In [None]:
# This Python 3 environment comes with many helpful analytics libraries installed
# It is defined by the kaggle/python Docker image: https://github.com/kaggle/docker-python
# For example, here's several helpful packages to load

import numpy as np # linear algebra
import pandas as pd # data processing, CSV file I/O (e.g. pd.read_csv)

# Input data files are available in the read-only "../input/" directory
# For example, running this (by clicking run or pressing Shift+Enter) will list all files under the input directory

import os
for dirname, _, filenames in os.walk('/kaggle/input'):
    for filename in filenames:
        print(os.path.join(dirname, filename))

# You can write up to 20GB to the current directory (/kaggle/working/) that gets preserved as output when you create a version using "Save & Run All" 
# You can also write temporary files to /kaggle/temp/, but they won't be saved outside of the current session

In [None]:
dfori = pd.read_csv('/kaggle/input/imdb-review-dataset/imdb_master.csv')
df = dfori.copy()
df = df.drop(['Unnamed: 0', 'type', 'file'], axis = 1)
df

We just want to focus on the review and its original label. What are the labels?

In [None]:
df['label'].value_counts()

For simplicity, let's just remove the unsup.

In [None]:
df = df[df['label'] != 'unsup'] # see only pos/neg
df['label'].value_counts() # updated df

# Preprocessing using CountVectorizer

In [None]:
from sklearn.feature_extraction.text import CountVectorizer
cv = CountVectorizer(stop_words = 'english')

dtm = cv.fit_transform(df['review'])

## Justify X and Y variables

Because this is semi supervised, we have dependent and independent variables.

In [None]:
x = dtm # this is the dtm
y = df['label']

# Train and Predict
Let's try using Random Forest Classifier.

In [None]:
from sklearn.model_selection import train_test_split
x_train, x_test, y_train, y_test = train_test_split(x, y, random_state = 1)

from sklearn.ensemble import RandomForestClassifier
rfc = RandomForestClassifier()

# Train
rfc.fit(x_train, y_train)

# Predict
y_pred = rfc.predict(x_test)

# Evaluation

In [None]:
from sklearn.metrics import confusion_matrix, f1_score, accuracy_score, classification_report
print(confusion_matrix(y_test, y_pred))
print(" ")
print(accuracy_score(y_test, y_pred))
print(" ")
print(classification_report(y_test, y_pred))

# Conclusion

Using Random Forest Classification, we can infer that the sentiment analysis using text classification results in about 85% accuracy.

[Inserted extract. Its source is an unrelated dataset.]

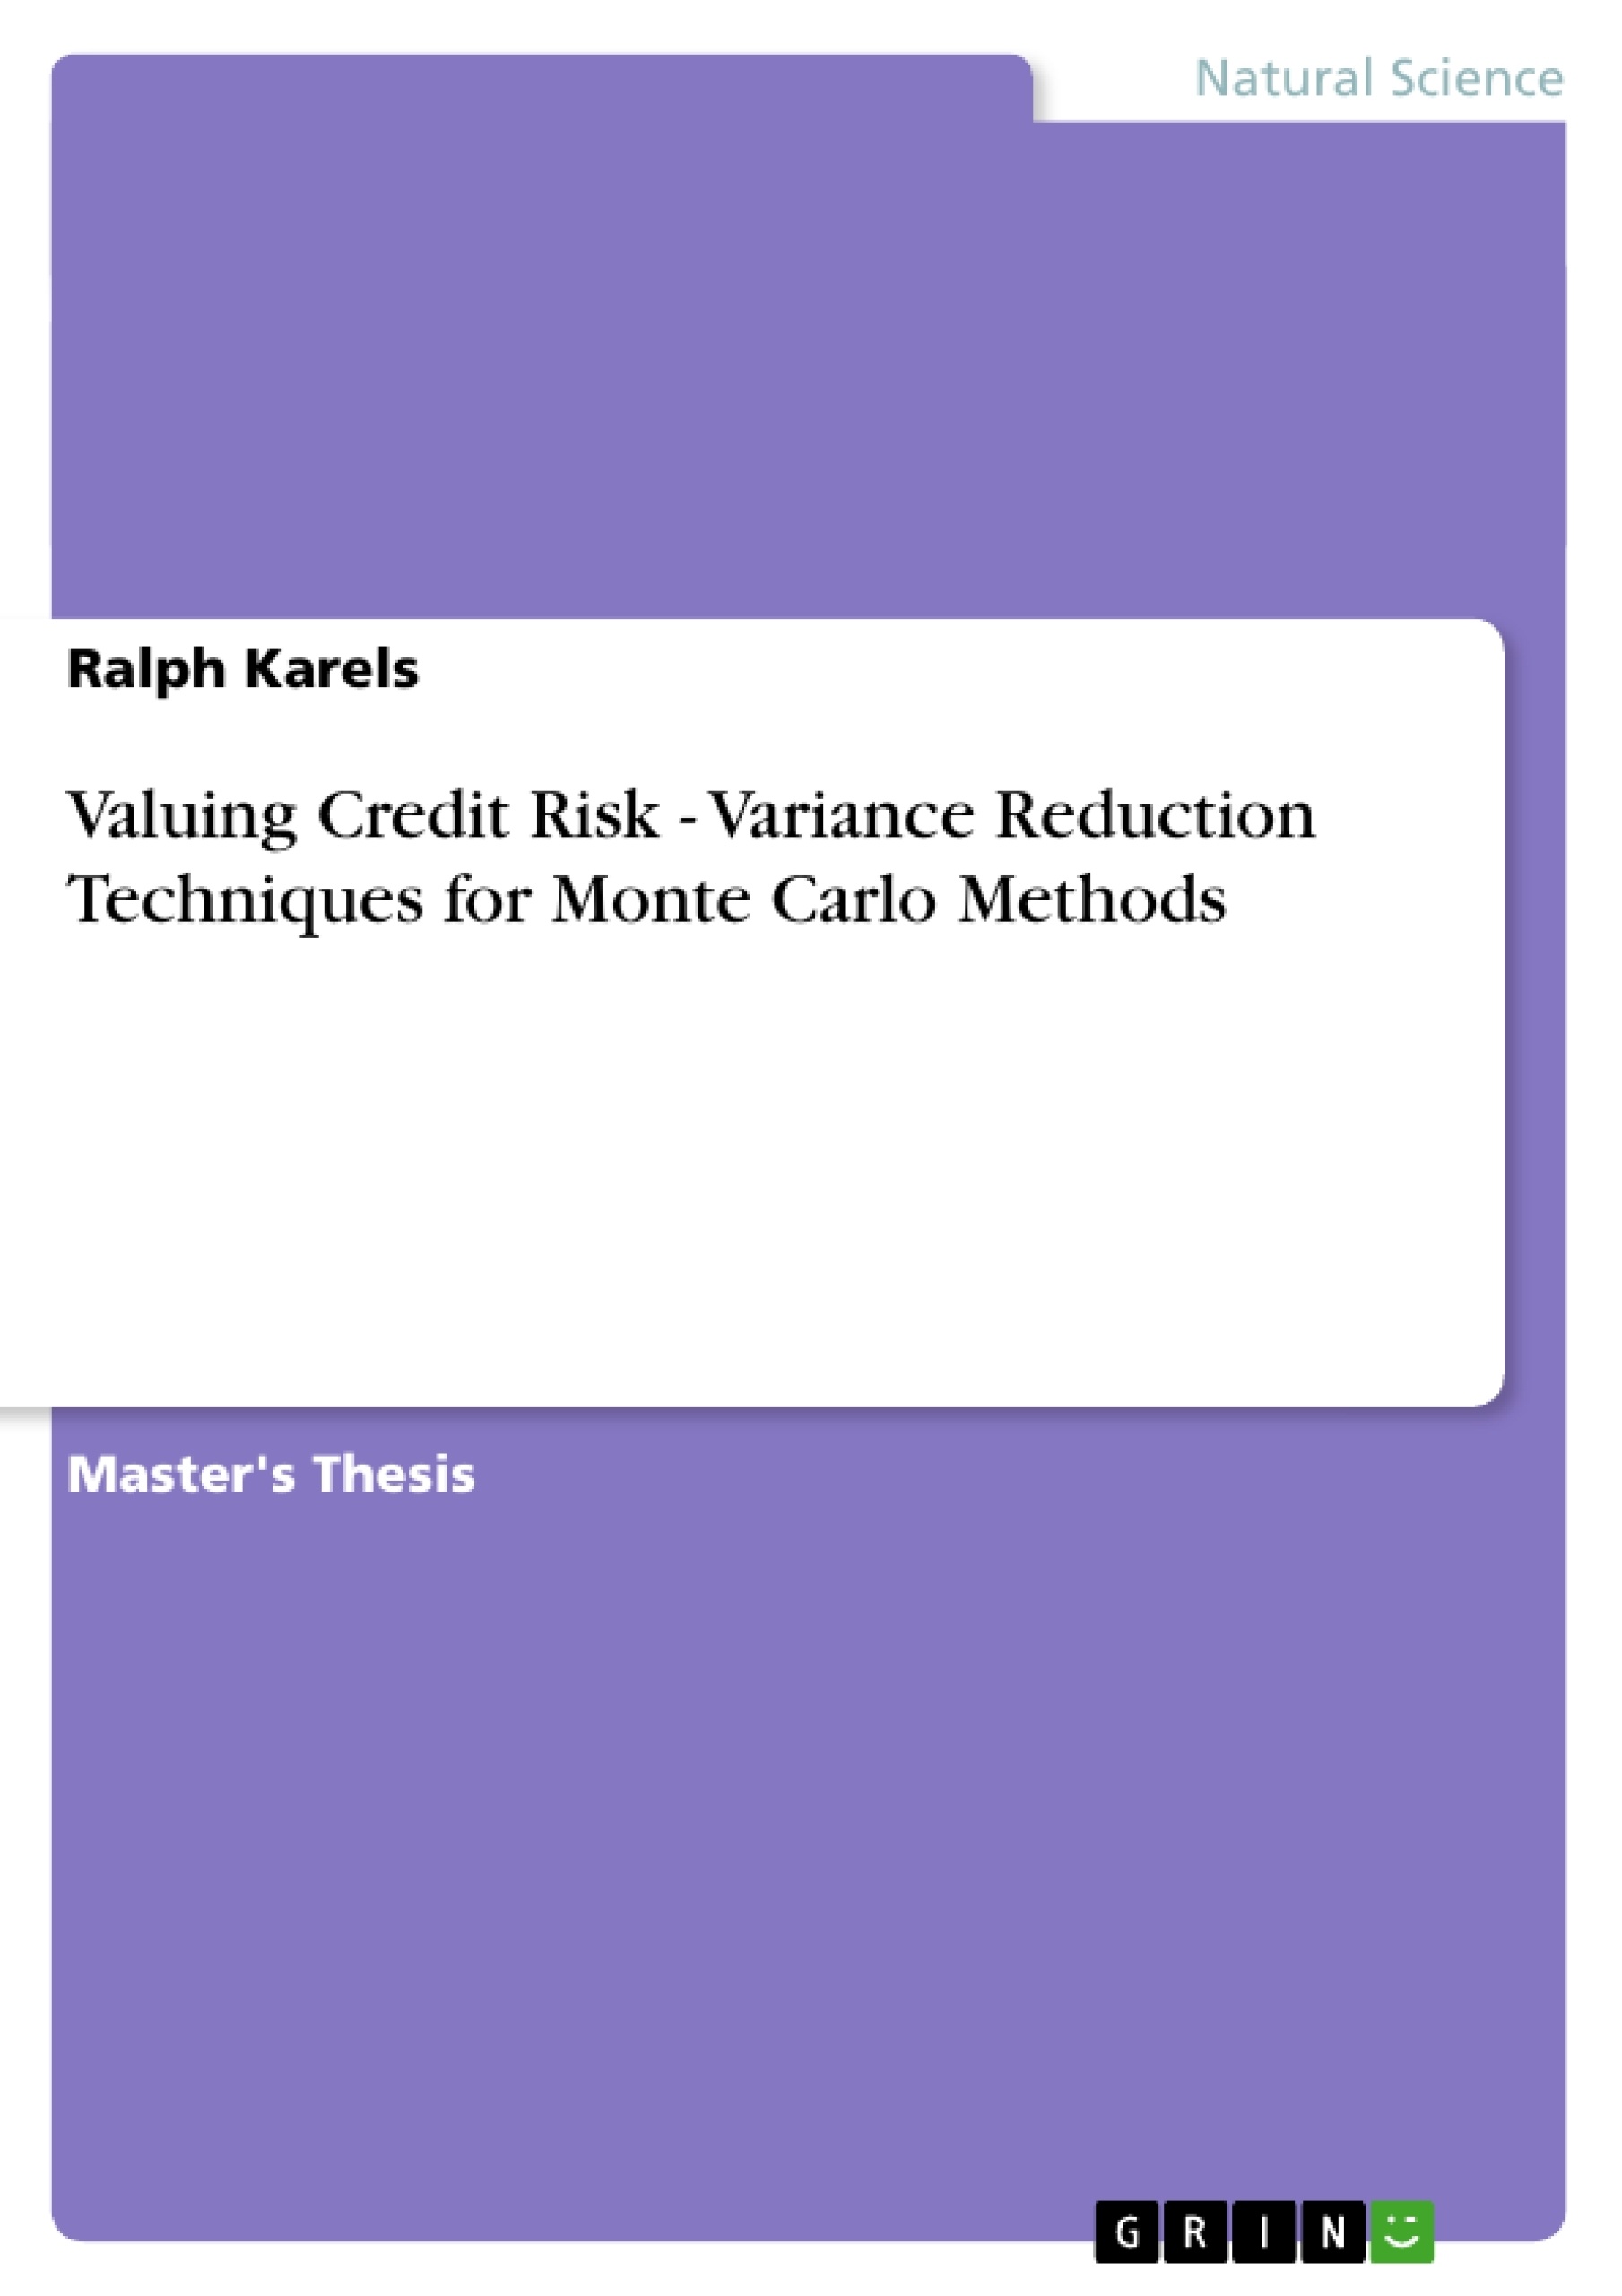 Título: Valuing Credit Risk - Variance Reduction Techniques for Monte Carlo Methods

# Sentiment Analysis using NLTK SIA Compound Score

The above method is for supervised learning. Now, we'll try the unsupervised learning by NLTK VADER method for Sentiment Intensity Analyzer.

In [None]:
# Importing the NLTK Library, Vader Lexicon, Sentiment Intensity Analyzer (SIA)
import nltk
nltk.download('vader_lexicon')
from nltk.sentiment.vader import SentimentIntensityAnalyzer
sia = SentimentIntensityAnalyzer()

# Create new column for the SIA Score
df['score'] = df['review'].apply(lambda x: sia.polarity_scores(x))

# Create new column for the final SIA Compound Score
df['compound'] = df['score'].apply(lambda x: x['compound'])

# Display the new df
df

* Now, compound score indicates whether a comment tends to be positive (>0) or negative(<0). 
* We can see from the above dataframe that in some rows, the compound score does not reflect the 'true' label.
* However, SIA has been more than capable of at least guessing the last five columns.